30 That latter Act, not that of Charles II, represented the law in New South Wales. So far as there is still statutory authority for a common informer to launch a prosecution in the hope of recovering a moiety of any penalty awarded, it does not allow procedures of this kind threatening jury trials unless payment is made or proceedings in this court or on these asserted offences.
31 My observations in Morisset Mega-Market that it is not open to bring proceedings to charge an attempt to obtain financial benefit by deception when all that has been done is a regular application to the court and it is not open to charge an attempt to pervert the course of justice when all that has been done is an ordinary and regular application to the court, remain applicable to a good deal of what the plaintiff has alleged in these proceedings. But in any event, the use of the court proceedings for this purpose to attempt to mulct defendants clearly renders them an abuse, as I had held in Morisset Mega-Market.
32 To permit proceedings of this kind on these bases would be to countenance "an instrument of individual extortion, caprice and tyranny".
33 It is not necessary to distinguish between the application of the inherent jurisdiction, Part13 Rule 5, or Part 15 Rule 26. These proceedings are an abuse. They are doomed to fail because they disclose no cause of action nor any cause of action which can be brought by the plaintiff in this court.

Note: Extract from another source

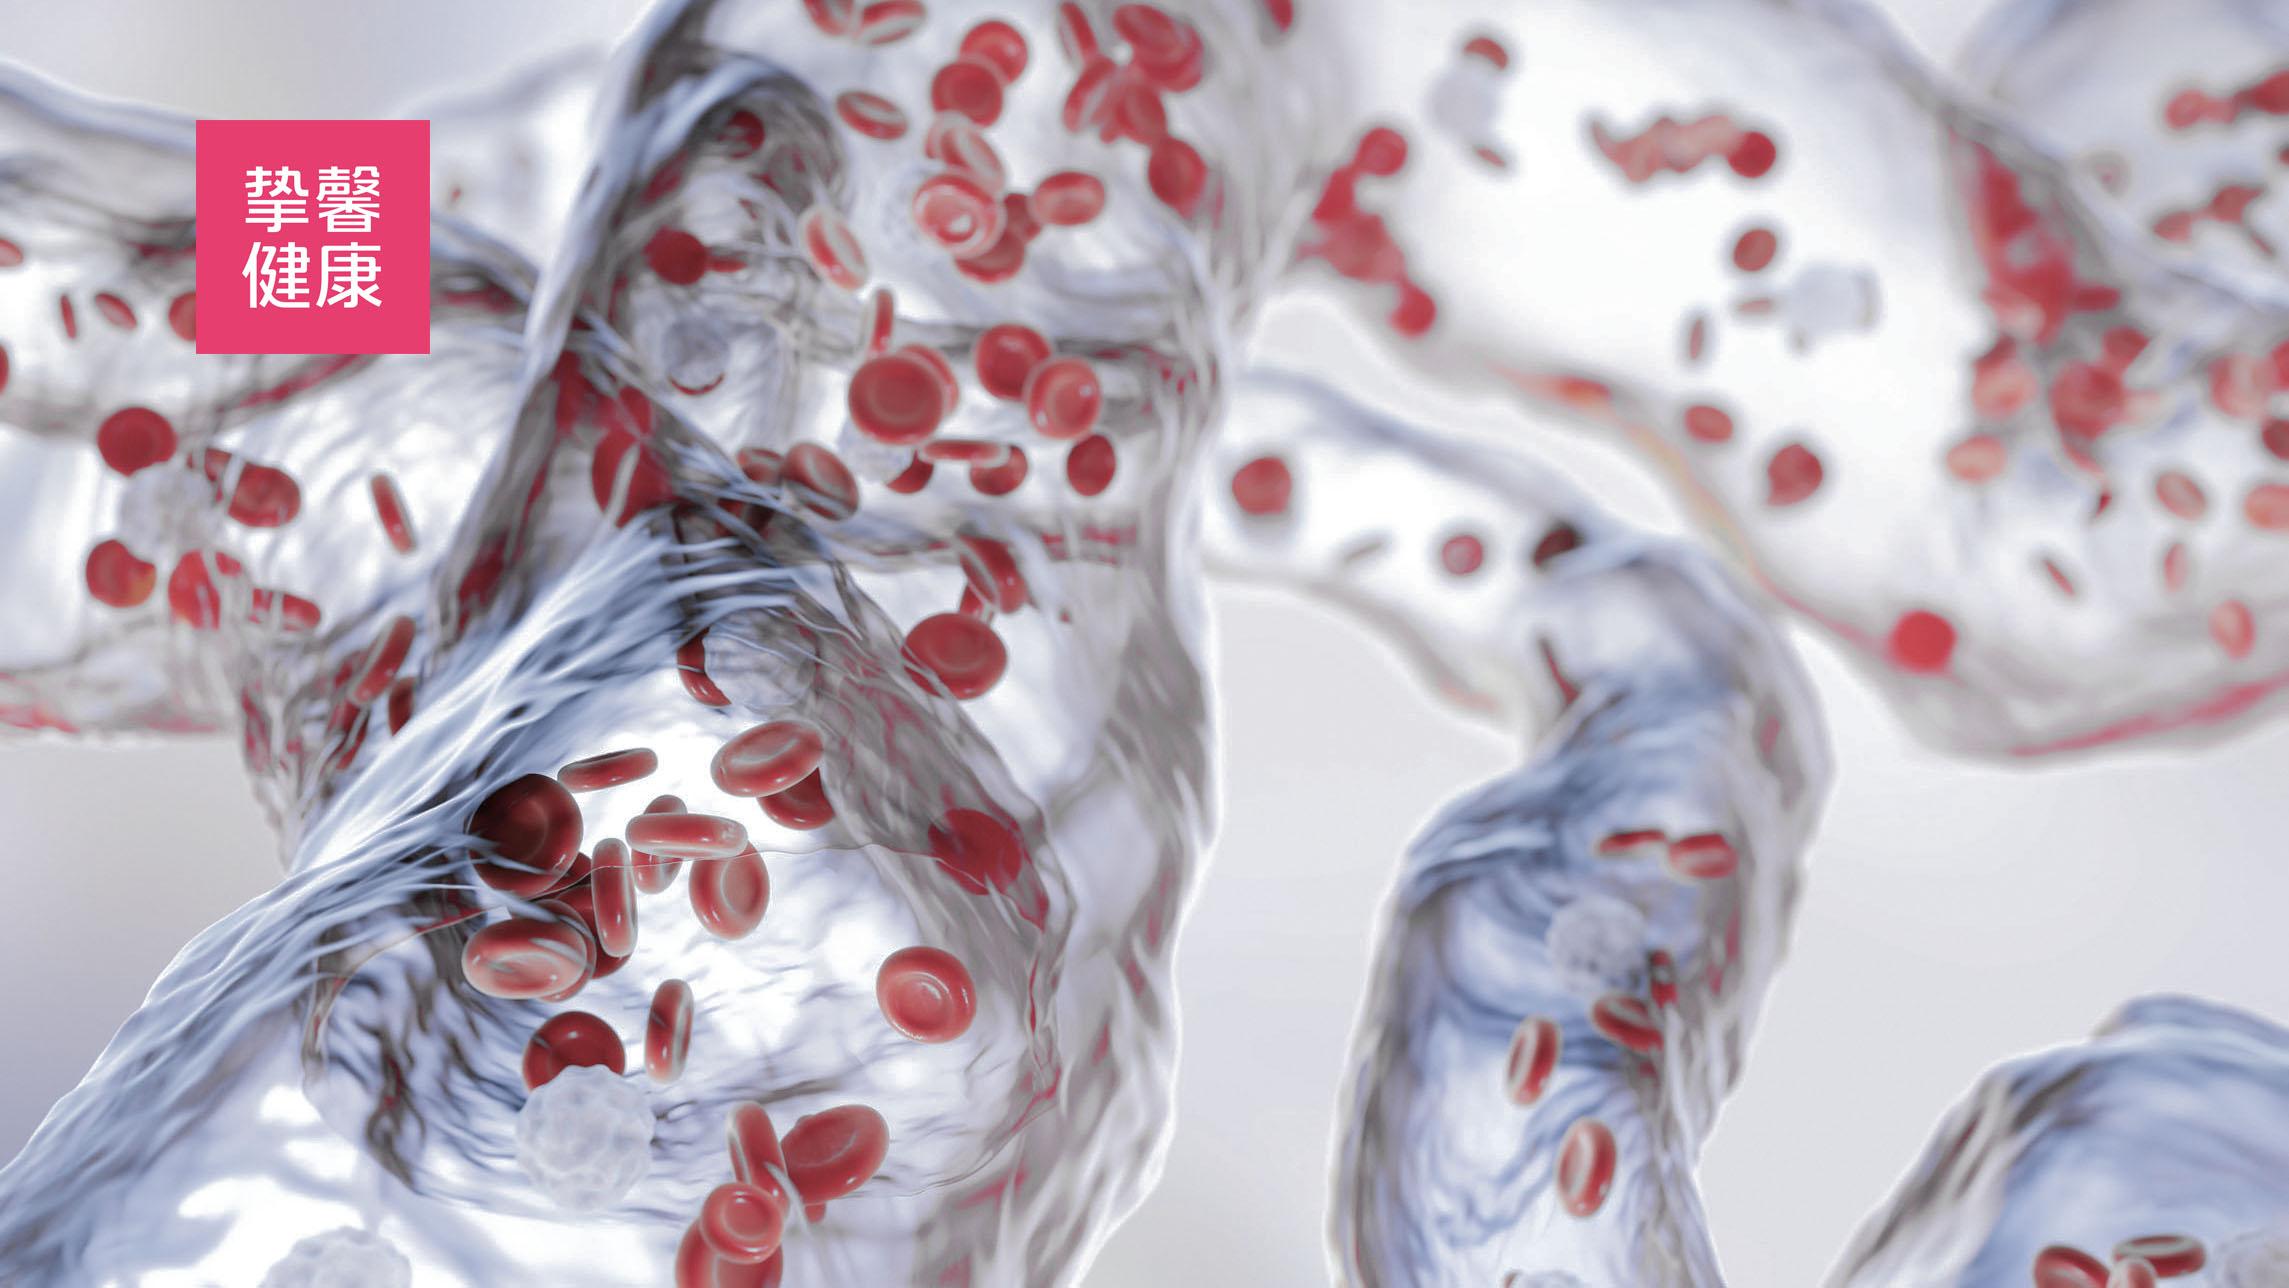 人体内血管是连通全身的

34 I should not pass from the matter, however, without referring to the fact that amongst the detailed written submissions that have been filed by the defendants are submissions as to a number of bases upon which the views of Mr. Gargan as expressed in the documents are said to be erroneous and the proceedings an abuse.
35 It is, however, sufficient, in order to dispose of all of these proceedings that I declare them to be an abuse and that in each case under Part 13 Rule 5, rule that the proceedings be dismissed generally.
36 I indicate that I would, if applying Part 15, strike out the whole of Mr. Gargan's pleadings and refuse leave to re-plead, but the more final order would seem to be appropriate, having regard to the multiplicity of the occasions on which Mr. Gargan has asserted, under one guise or another, a right to bring proceedings of this kind.
37 I further conclude that, having regard to the multiplicity of proceedings brought by Mr. Gargan, this judgment should be drawn to the attention of the Attorneys-General for the State and the Commonwealth with a view to their considering whether an application should be made to the court for Mr. Gargan to be declared a vexatious litigant.
38 In each case, costs are sought on an indemnity basis. There is no reason that I can detect as to why costs should not be awarded to the defendants and that the defendants should not be indemnified against the costs of proceedings which were entirely misconceived. I order Mr. Gargan to pay those costs, therefore, on an indemnity basis.